In a car workshop type space, between the pristine surfaces of car parts, archetypes of mass production, a construction of power is unfolding between a Dobermann Pinscher and its owner. A Dobermann is a special breed, it is gracious, loyal, and potentially aggressive to strangers.
The Doberman Pinscher was developed in around 1890 by a German tax-collector, primarily as a guard dog. It has a very mixed ancestry of many different types of dogs, for instance the Rottweiler, Black and Tan Terrier, and German Pinscher. But the complete list of related dogs is impossible to trace back. It is suited for police and military work as it is an energetic and intelligent creature with a very strong bite due to its long muzzle. A docked tail makes the dog more aggressive. It gives the dog a more streamlined appearance, and it is less likely to get injured during a police action.

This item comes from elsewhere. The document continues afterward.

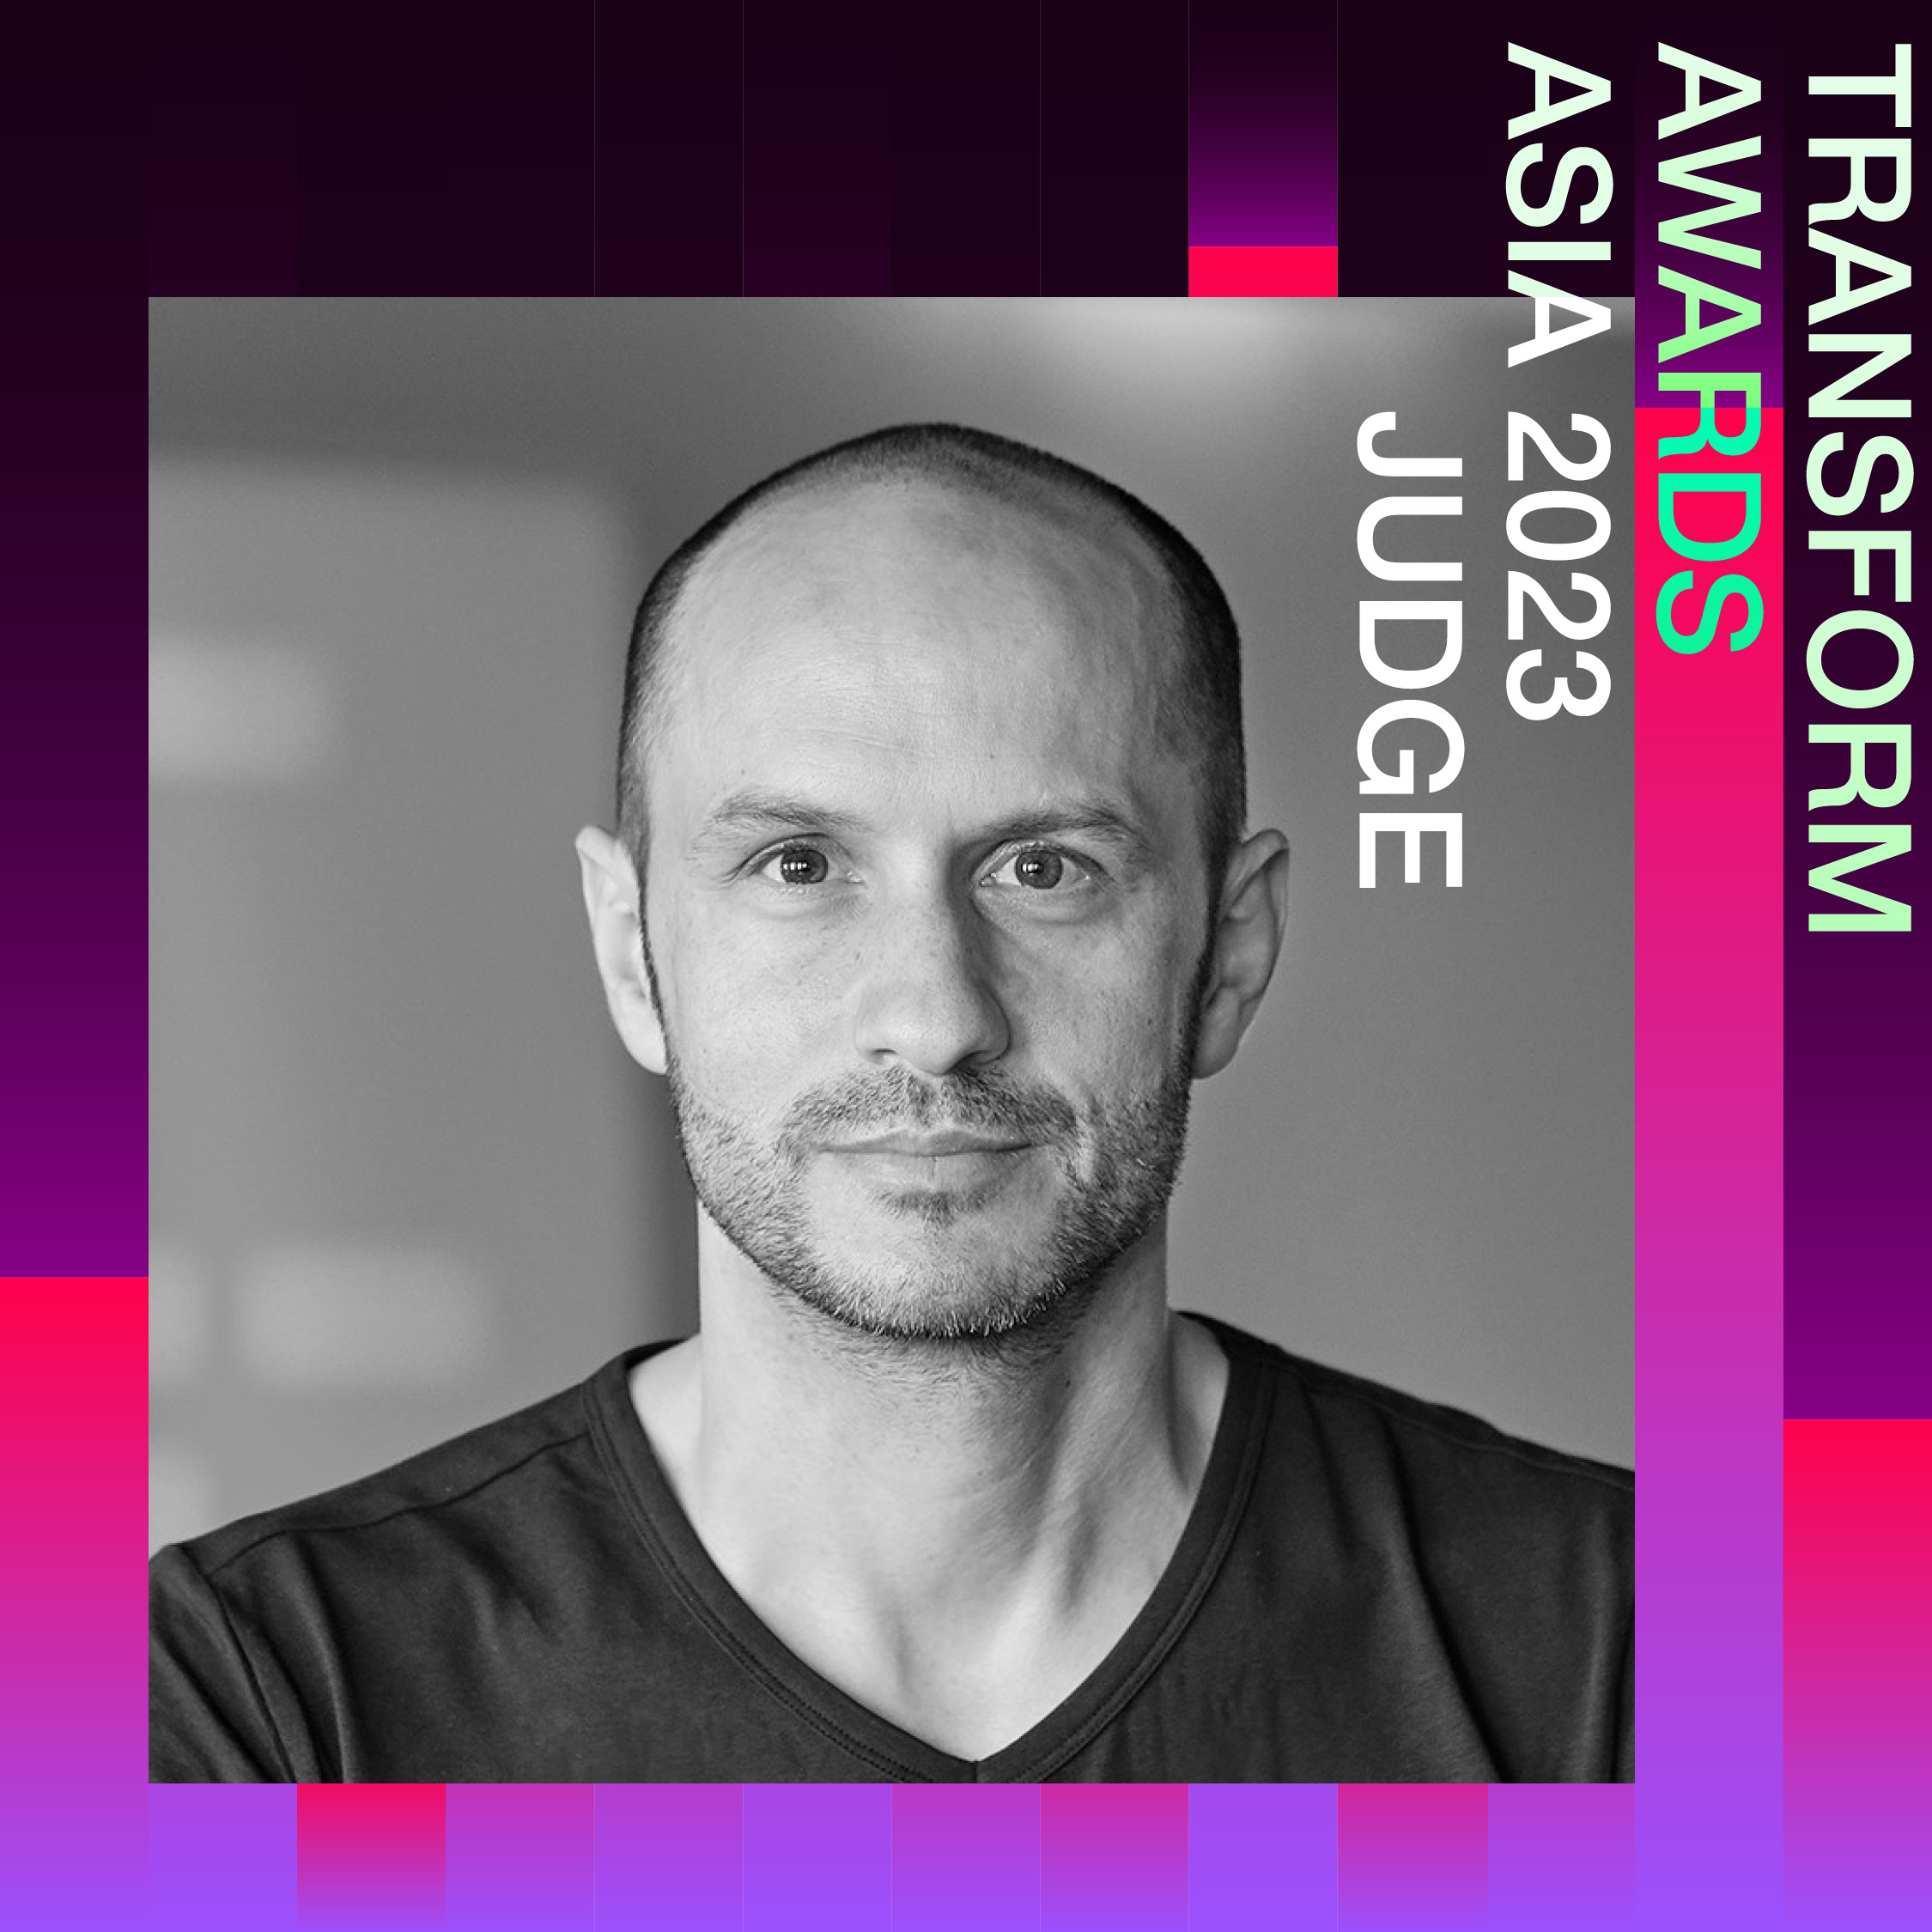 Further news which make us proud: Cornelius Ringe will judge the audio branding category of the Transform Awards Asia 2023.🚀

A Dobermann needs severe training. Both the owner’s and the dog’s consciousness are formed within this relationship. By the obedient appearance of the dog, it seems to concede to the rules it’s been given. But by knowing the rules it starts to gain power itself.
Jan Adriaans (1972) graduated MA at the Dutch Art Institute and succeeded a course on ‘Posthumanism’ as part of a Master program American Literature at the University Leiden. In his work, Jan Adriaans compares ecological and social systems and patterns, to question the idea of the independent operating entity.
Through video and performance Adriaans’ explores human selfhood in its evolutionary context. By drawing a parallel with the animal, the set of constraints we are subjected to become more apparent, the construction of subjectivity, and emergence of a sense of agency as a property of the self. If we take these constraints into account, how can we redefine human agency, will, and control?